Looking up, I sent out another blade of air into the canopy above and moved out of the way as a thick branch fell down to thump loudly onto the earth.

Throwing out more blades of air in all directions, I moved to the fallen branch.

I spotted an offshoot that was the right size for my purpose and sent one of the powerful blades of air that I had been about to throw at the geliks, in its direction instead.

The blade was far too powerful for the purpose I needed it for, it did cut through the branch, which is what I intended, but it continued through the branch and cut deep into the earth below.

It gave me another idea.

I spun around, making a punching gesture with the hand that wasn't gripping my belt knife, my will sinking into the earth and smashing up huge chunks.

The soil, stones, twigs and leaves sprayed out in all directions as I turned and hammered my power down into the ground at an angle.

The debris flew out to the encircling geliks and pelted them.

No magic was in my flying weapons to be dispelled, simply fast moving earth and stones was all that there was and they could do nothing but screech, be hit or try to dodge.
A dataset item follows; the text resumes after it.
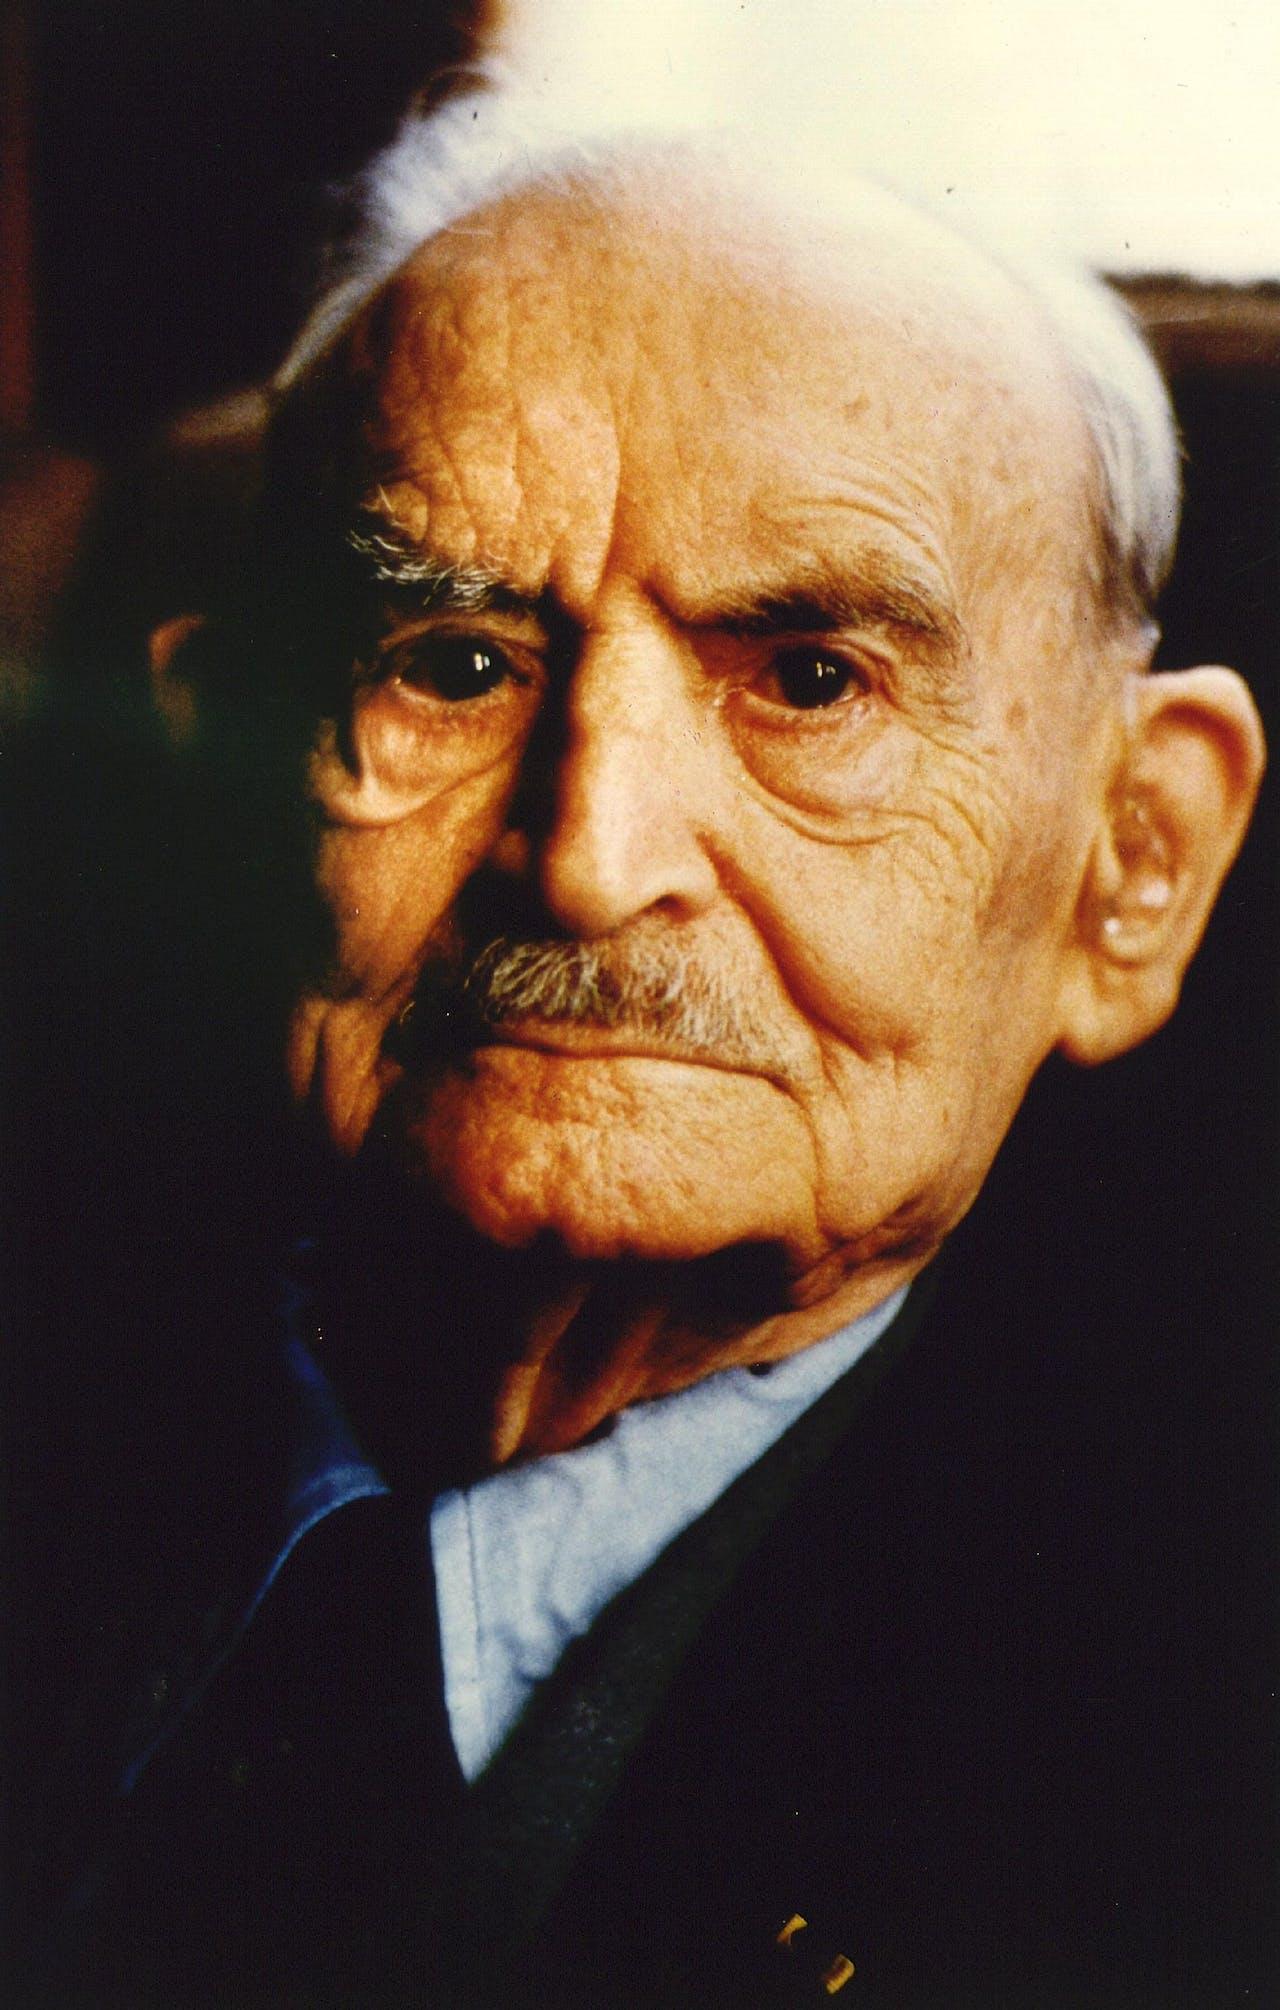 Dr. Willem Drees, grondlegger van de AOW

I yanked up the limb of the branch I had cut, a sharp gesture with the hand holding my belt knife, sent a circular blade of air along it's length, cutting off most of the offshoots and leaving me with a gnarled staff of sorts.

Three more blades of air directed at the tip of the wood, in between three other powerful but wild blades sent out to my foe and I had a rough but useable spear in one hand and my belt knife in the other.

It wasn't ideal but I hoped it would be enough.

As the first gelik came in range, I thrust out my wooden spear and the starkly sharpened tip sank into it's oversized right eye.

I pulled it back and spun in place, my arm already swinging with me and in a downwards arc to sink my belt knife into the skull of the gelik that had almost reached me from behind.

I spun again, throwing out a single continuous blade of air, pushing back all the approaching geliks then with a gesture the earth erupted to my rear, showering those behind me.

I thrust forwards with my spear into the thin neck of another gelik, it's screech cutting off but it held my weapon with it's taloned grip.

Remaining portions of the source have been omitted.